Supplied information

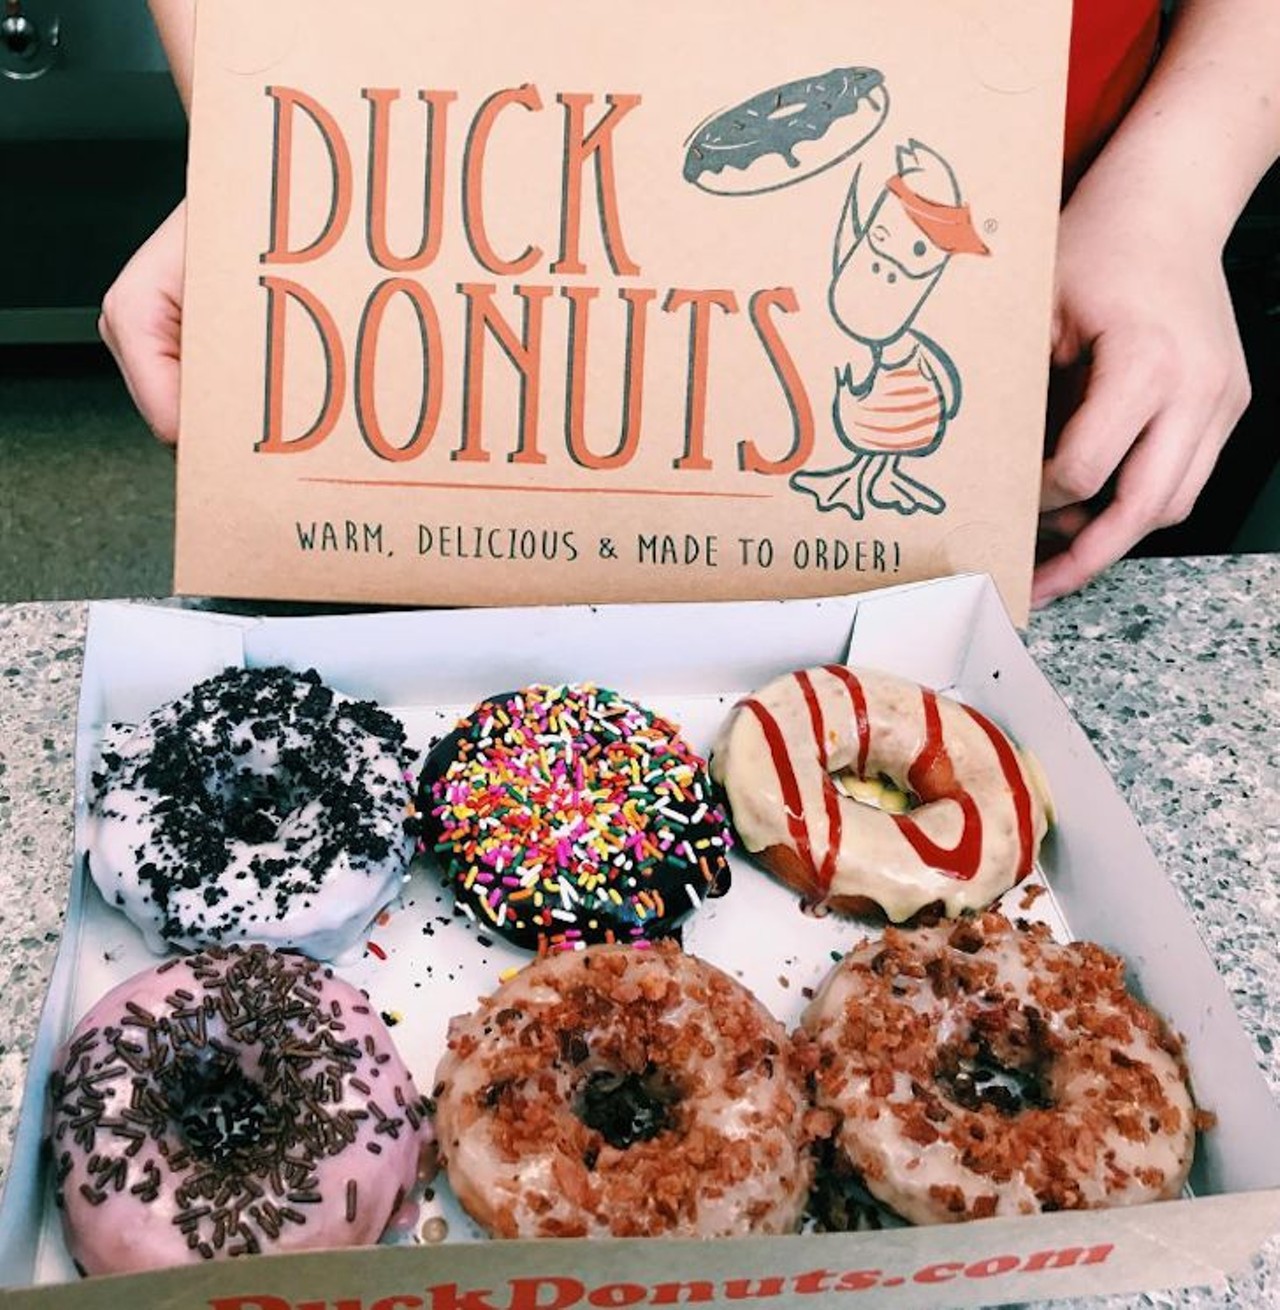 Duck Donuts 
Address: 710 Centerview Blvd., Kissimmee
Originally only available in North Carolina, Duck Donut&#146;s delicious recipe has come to Central Florida this summer. Your mouth will water just by looking at these doughnuts, and doughnut sundaes are sure to please those with an extra sweet tooth. 
Photo via watashiwaother

Work to be completed
An exact transcription of the listing is required, and it must contain no pictures.

Solved exercise
 Duck Donuts 
Address: 710 Centerview Blvd., Kissimmee
Originally only available in North Carolina, Duck Donut&#146;s delicious recipe has come to Central Florida this summer. Your mouth will water just by looking at these doughnuts, and doughnut sundaes are sure to please those with an extra sweet tooth. 
Photo via watashiwaother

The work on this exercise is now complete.